An exact copy of the lines from the top of the data through the line with "The famous illuminated" is what you should give, with no pictures in it.

=== Data block ===
>>>
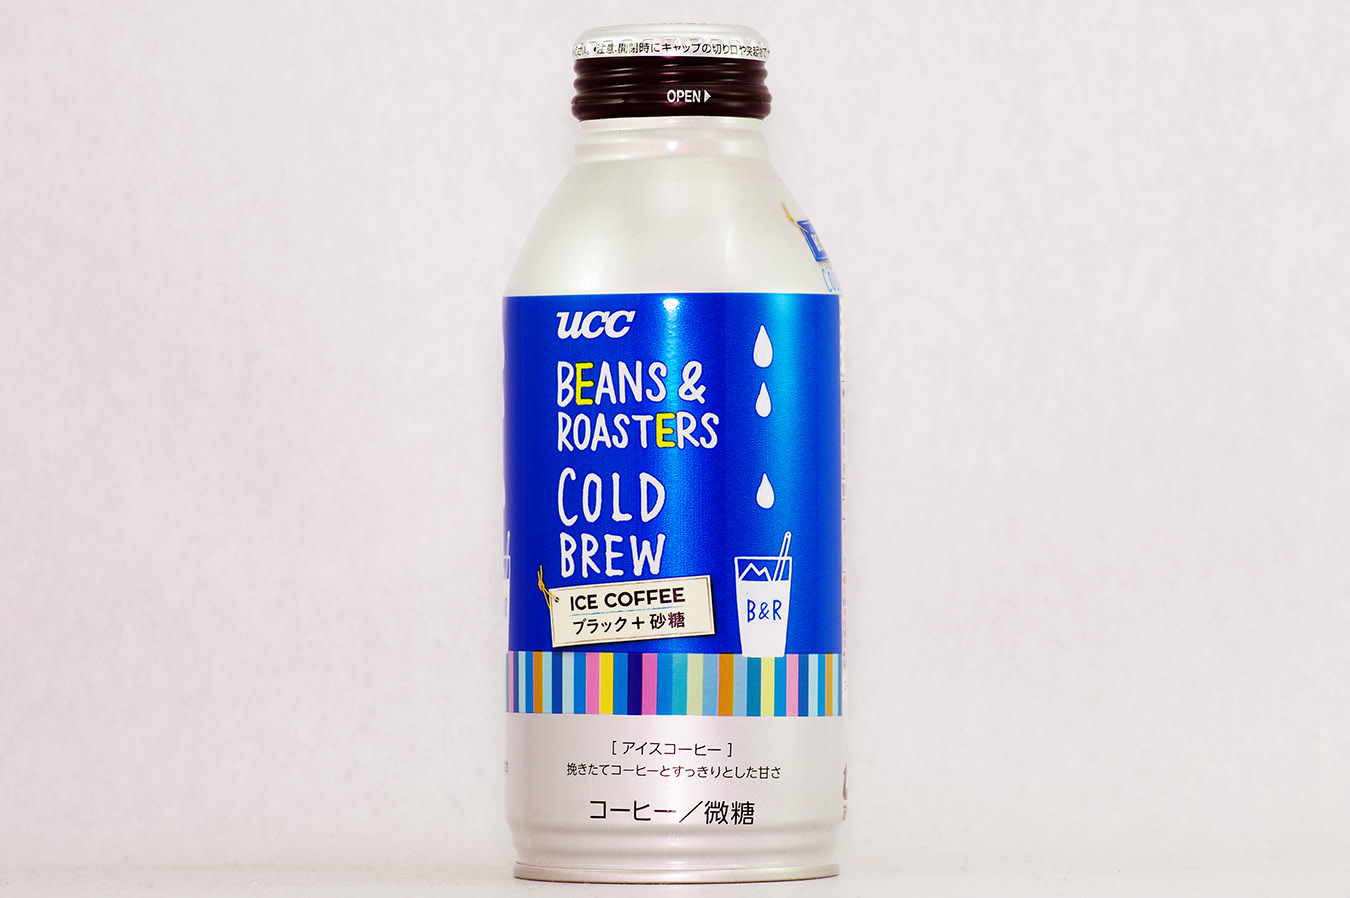 UCC BEANS & ROASTERS COLD BREW 375g缶 2016年4月
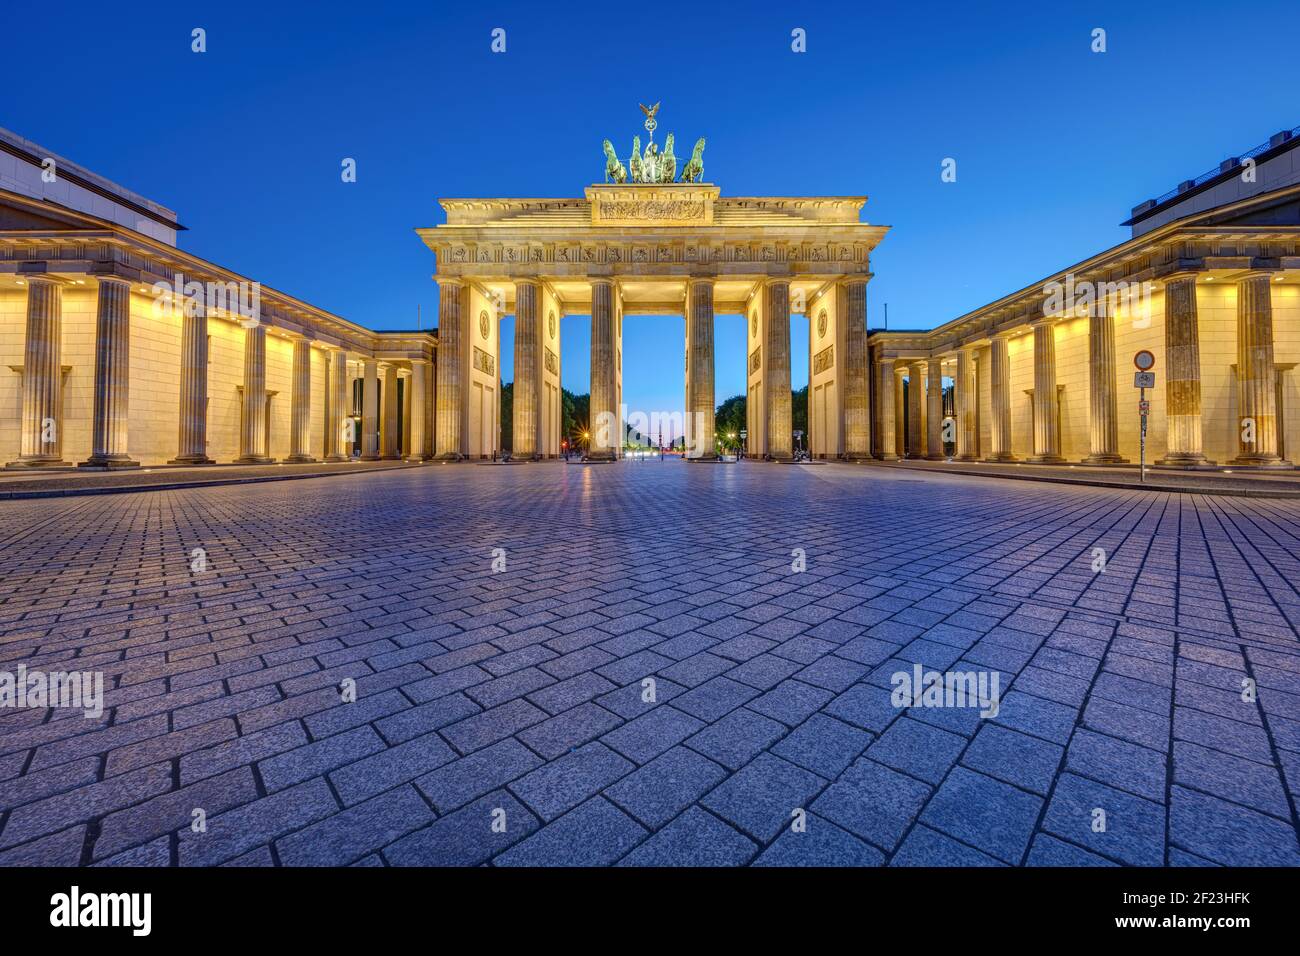 The famous illuminated Brandenburg Gate in Berlin at twilight with no people Stock Photo
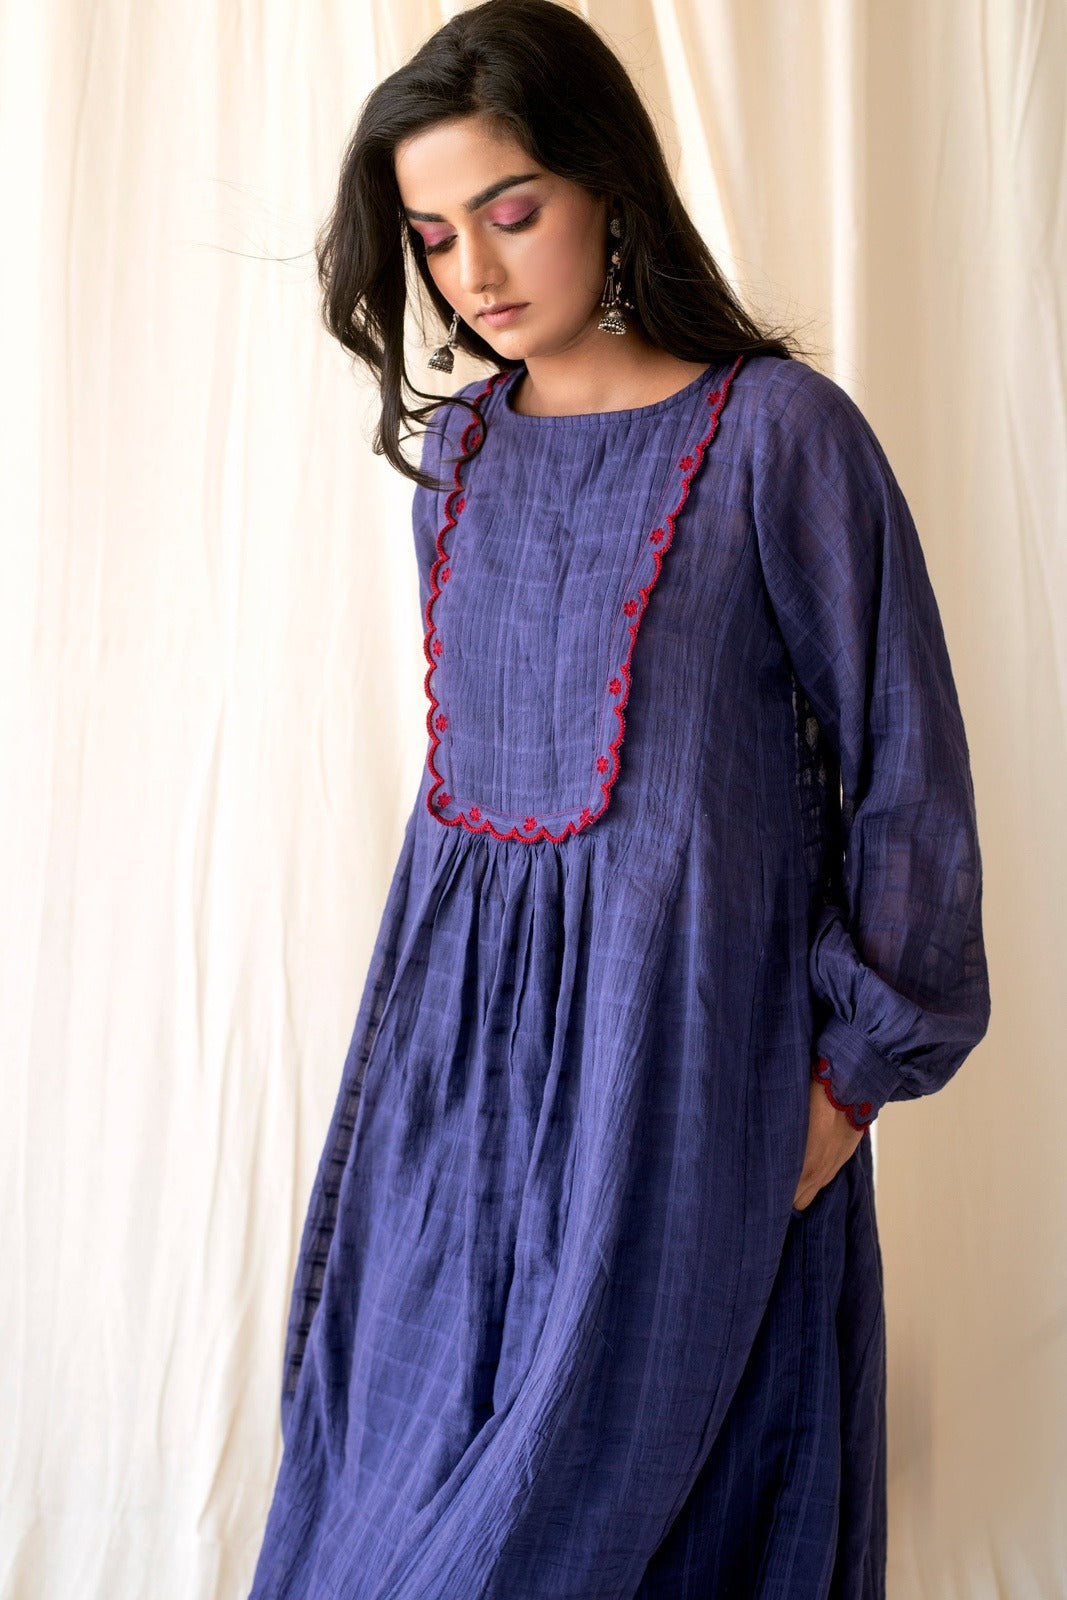 Amethyst Set at Kamakhyaa by Taro. This item is Best Selling, Blue, Checks, Cotton, Evening Wear, For Mother, Indian Wear, July Sale, July Sale 2023, Kurta Palazzo Sets, Natural, Regular Fit, Rozana Taro, Wedding Gifts, Womenswear
<<<
=== Exercise result ===
 UCC BEANS & ROASTERS COLD BREW 375g缶 2016年4月
 The famous illuminated Brandenburg Gate in Berlin at twilight with no people Stock Photo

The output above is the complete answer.